The past quarter-century has seen many changes: in the players, in the game, in general. “I’ve mellowed down and toned it down,” Fabiilli concedes. “There are different ways of getting your message across. You have to be careful, because if you get too intense, you scare the kids more and make them nervous.”

Acknowledging that teenagers today have more things to occupy their time, Fabiilli also notes the large number of high school students who hold down part-time jobs in the retail sector, making it difficult to gain the type of commitment that was much more common back in the day.

Despite his obvious passion for the sport, Fabiilli knows all too well that each new season becomes that much more challenging. Over the past three years, he has worked with the St. Charles junior program in the spring, with the Gladiators in the summer and back with the senior boys come September.

“There’s times that it’s tough,” Fabiilli said. “But then you look at the kids and you see the smiles on their faces and you just keep going and going.”

While enjoying the opportunity to guide his sons (Michael and Christopher) over the past few years, Fabiilli quickly realized what every lifelong coach should know.

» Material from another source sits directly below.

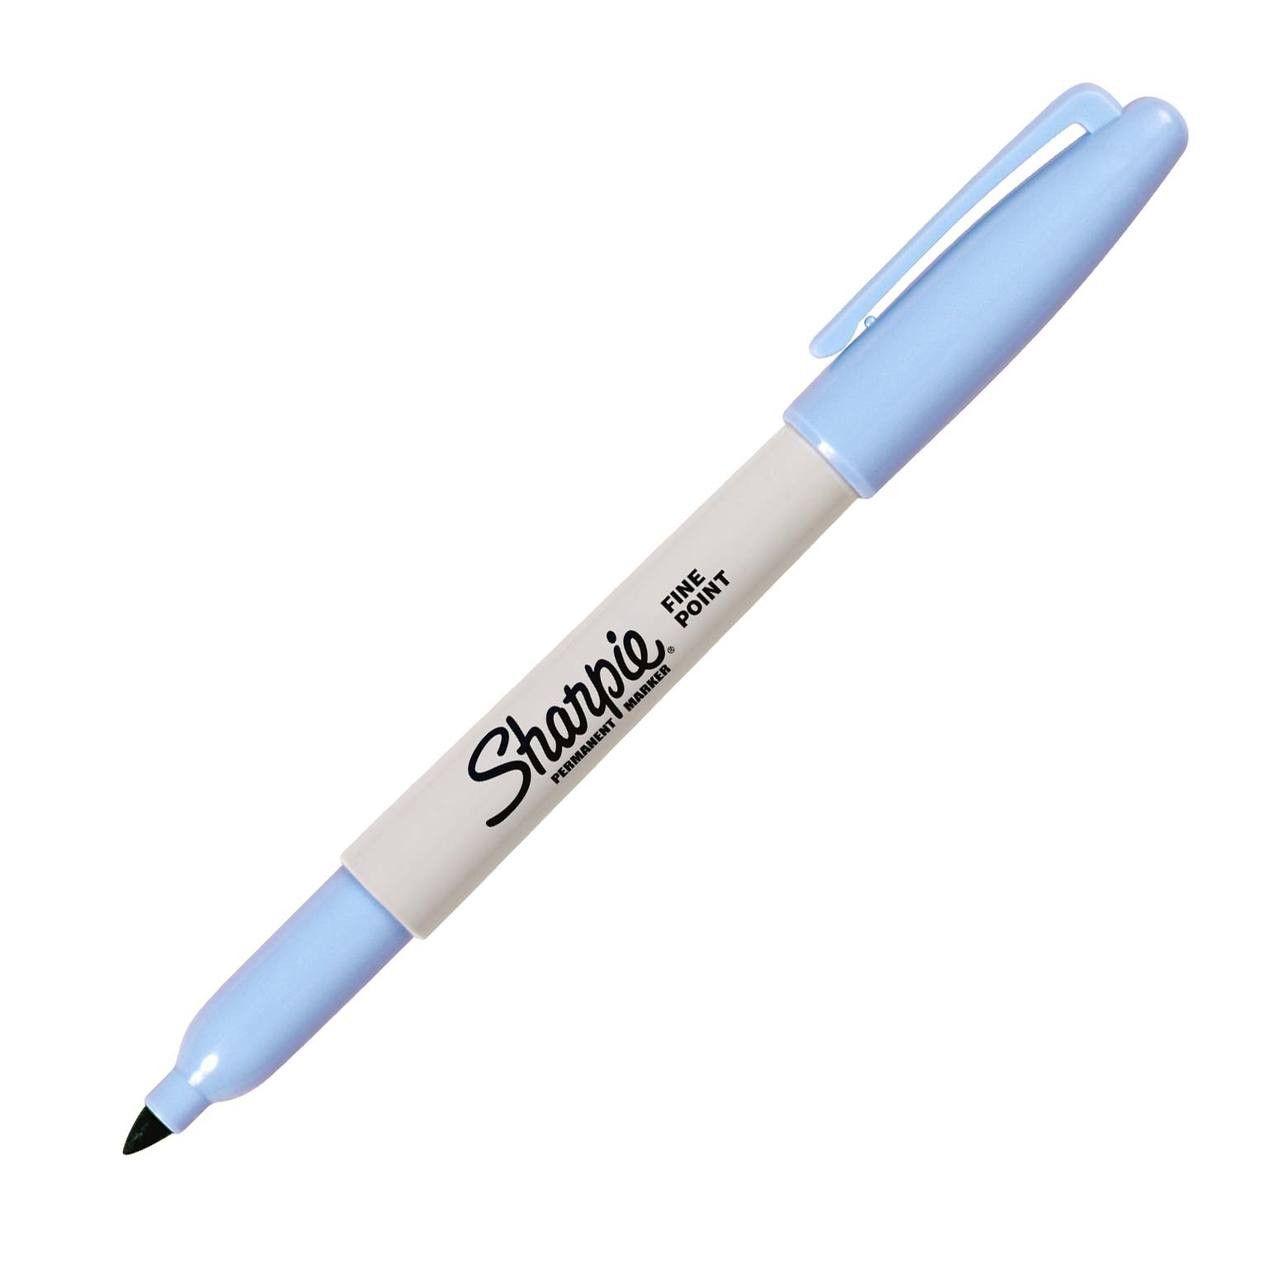 Sharpie Pen - Fine Point - Fine Pen Point - Black, Blue, Turquoise

“For anyone who has coached this length of time, you have to have an understanding wife. I have to thank my wife (Joanne), because every year that I do this, she never says no,” Fabiilli said.

More than anyone, she knows all too well both sides of the Fabiilli persona that players come to appreciate over time.

“I have that tough exterior, but there’s always a soft side,” he said. “I would hope that my players would say that I’m tough, but tough in a good way. Whenever I coach, I want them to play with passion, to play well, to win, to learn.”

He also wants them to continue the St Charles College tradition.

“I’m big on tradition and the football teams understands that. We talk to the kids about the tradition - it’s good to have that,” he said.

And while the championship banners are not nearly as bountiful for the garnet and grey as they may have been in decades gone by, Fabiilli keeps it all in perspective. “We haven’t won as much in recent years, but that’s not always the most important thing,” said Fabiilli. “We try and teach them life lessons, teamwork, and when you get knocked down, you’ve got to get right back up.”

It’s the way that it’s always been at St Charles College. And few know that better than Mike Fabiilli.